What could they want? I didn’t know. They seemed harmless, too young and ignorant and—well, too lost to be any sort of menace. And when I denied Andrew, I felt like St. Peter, though comparing myself to biblical characters isn’t my style. “Sorry I can’t help,” I said, and closed the window.

They looked back to watch me watching them go.

I
WROTE
to Toby Greenwell, telling him I had liked
The Child’s Child
and thought it publishable. No one now could possibly object to the clinical details and frank references to homosexual love. I attended to the improvements I had been told the thesis needed. But all the time half my mind was on the boy with the acne and the improbably blond girl who had come to the door. I couldn’t forget them. I wished I hadn’t thought of that phrase about murdering English. Murdering anything or anyone. Why did it bother me? I didn’t know, but I dreamt of seeing someone I didn’t know, someone I had never before seen, a Middle Eastern man lying dead on the pavement in his own blood, surrounded by fiendish, Breughel-like people.

All the time we had been apart I had never contacted James but always left it to him to get in touch with me, as he did quite regularly, but he and Andrew had gone away for a week’s holiday that would come to an end a few days before the trial. Their being away didn’t preclude James’s being in touch, he could have e-mailed or phoned or even texted, but he hadn’t done so during their last short break. What stopped my speaking to him was my certainty that any—well, communication James got that came from me, that came from anyone, Andrew would know about. Belatedly, I wished I had asked that boy and girl for their names. Then I could have given them to the police. But for what reason? They had done nothing, they had only asked where my brother lived. I still wondered why they should want to know where he lived.

J
AMES CALLED
me when he and Andrew came back. Just to know how I was. I told him about the boy and the girl, and James told me that it was nothing, nothing had happened. That nothingness was true for my encounter with them too. They had told me nothing
and I had told them nothing except that Andrew no longer lived at Dinmont House, which was true. James almost dismissed it, but I knew he disliked anything about the coming trial’s being discussed, and this wasn’t even, as far as we knew, about the trial. Talking about Martin Greenwell’s book would be a distraction from that for him, and I wanted to discuss it with him. I wanted to talk to him about what he knew of his great-uncle, and if he had met a fate similar to John Goodwin’s. My mind’s going back to the boy and the girl, I thought that they might have had some entirely different reason for wanting to contact Andrew, though I was bound to say to myself that I couldn’t imagine what that would be.

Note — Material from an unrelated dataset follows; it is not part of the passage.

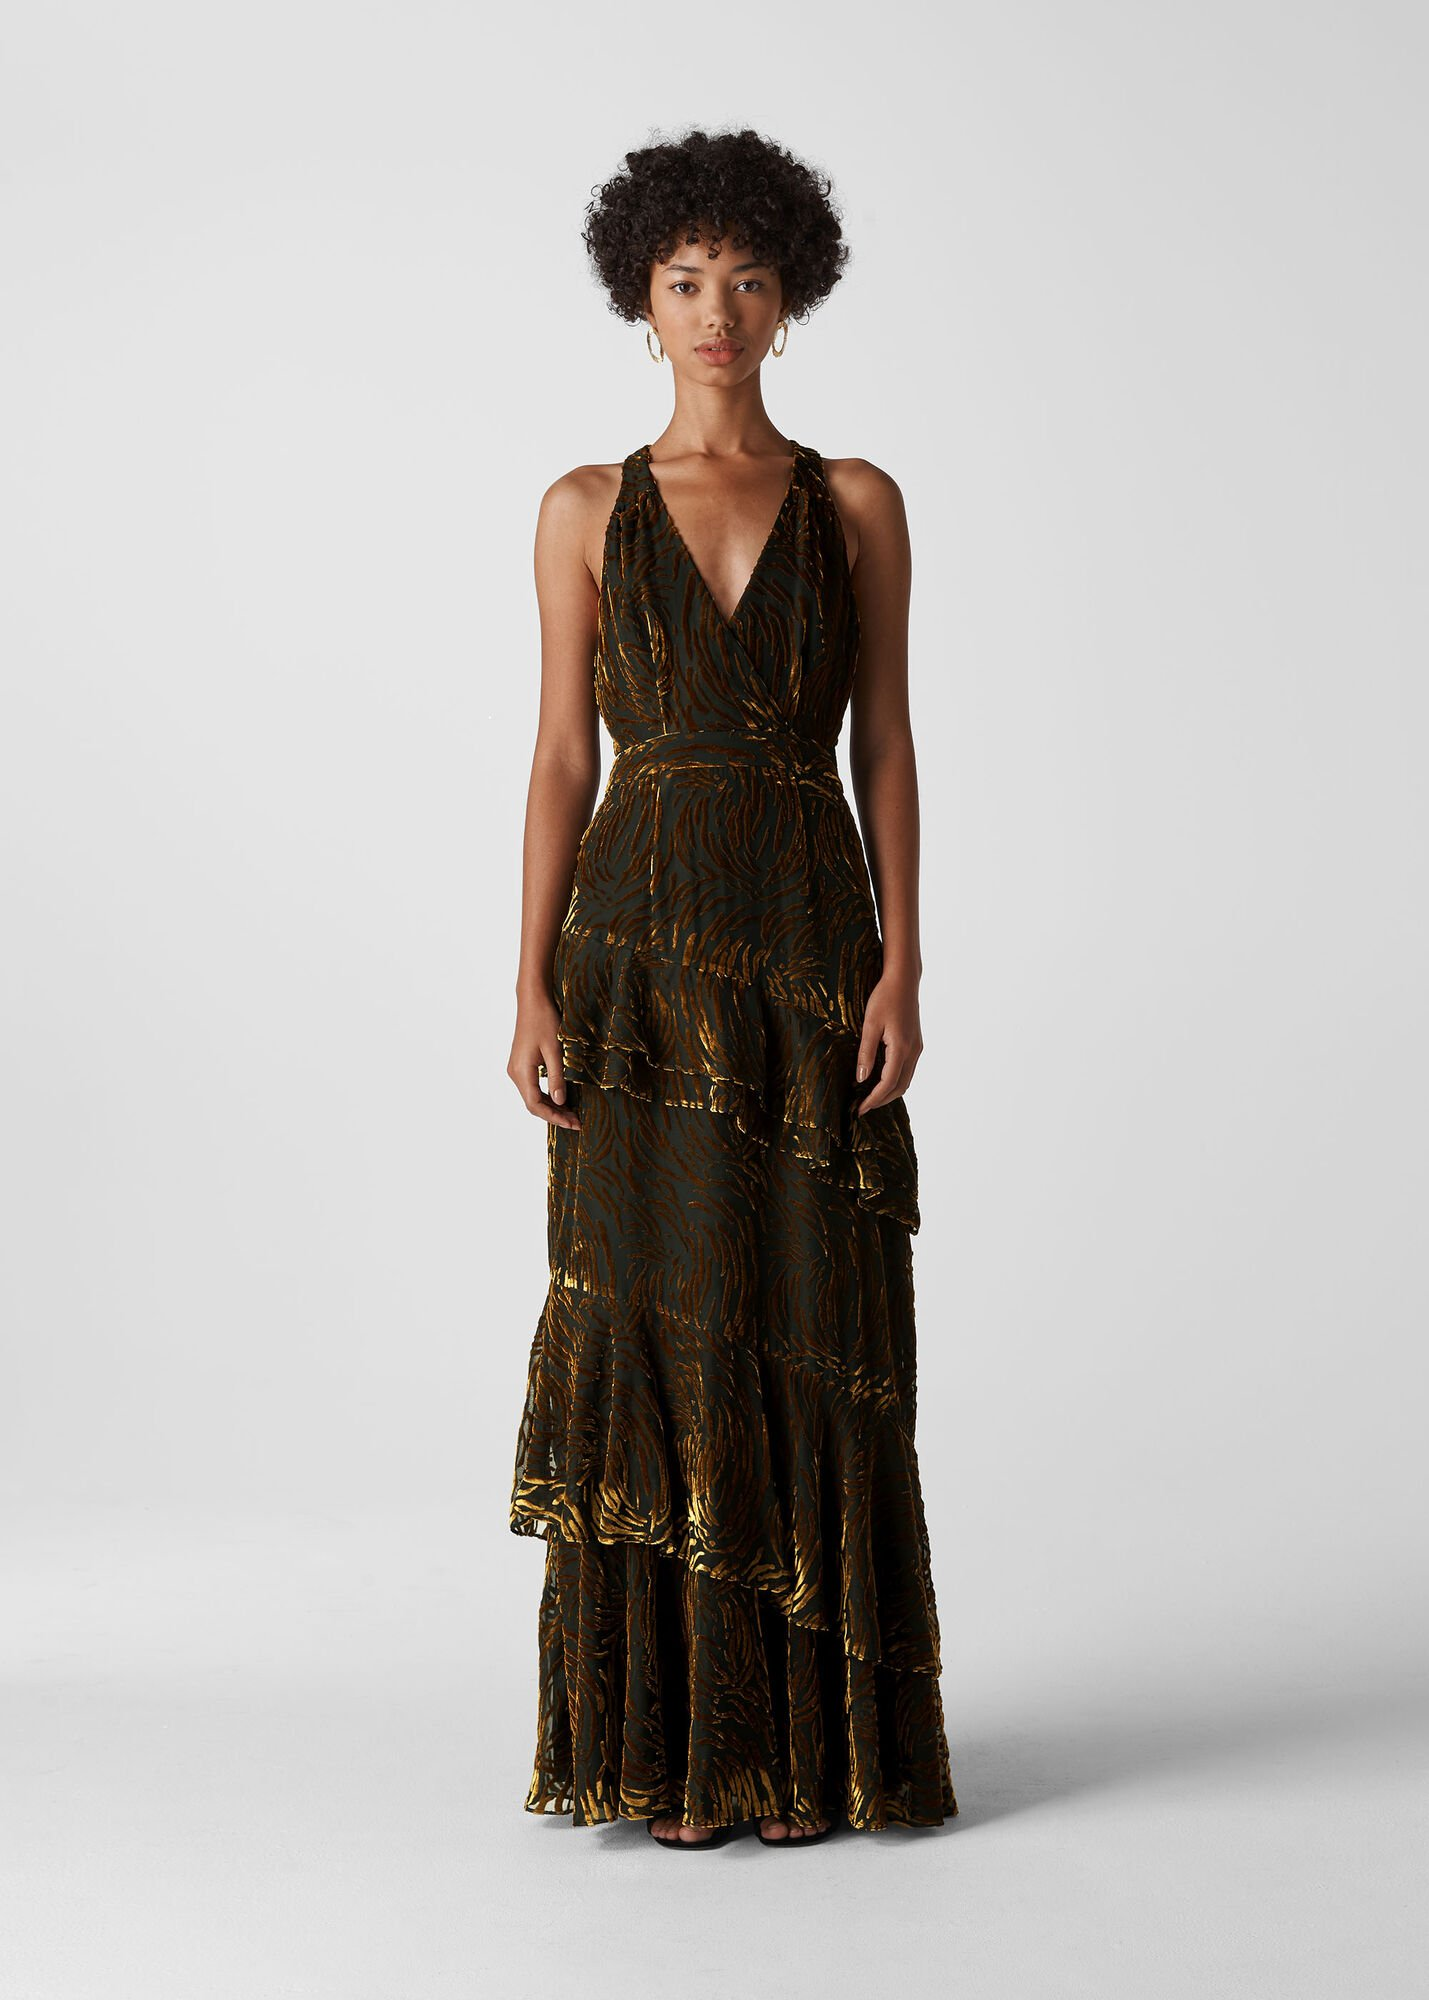 Edith Reed Print Maxi Dress

Fay told me that the trial was due in a week’s time. After the incident with the shaven-headed boy and the blond girl, I would be glad when it was all over. I tried to put it out of my mind and more or less succeeded. Then I woke up in the middle of the night to ask myself if the shaven-headed man could be Gary Summers, the one who was with Kevin Drake at the time of the murder but of whom Andrew and James couldn’t be sure enough to identify. No photographs of him had been in the papers, and I knew his name only from Andrew.

Four days before the trial was due to begin I was out, meeting Louise for lunch in Hampstead High Street. It was a fine, bright day, but rather cold, and baby William was almost invisible inside his furry, brown, all-in-one garment that made him look like a plump puppy. Next time we met, I would have baby Tess with me, similarly wrapped up, for it would still be winter and probably much colder. She too, my daughter, would be related to James’s great-uncle, a great-great-niece, something I had never thought of before. Louise’s news was that she and Damian were getting married, and I thought to myself that this marriage would legitimise William, though I doubted if anyone cared much about that
or even noticed it. It was just that I tended to think along these lines since the thesis.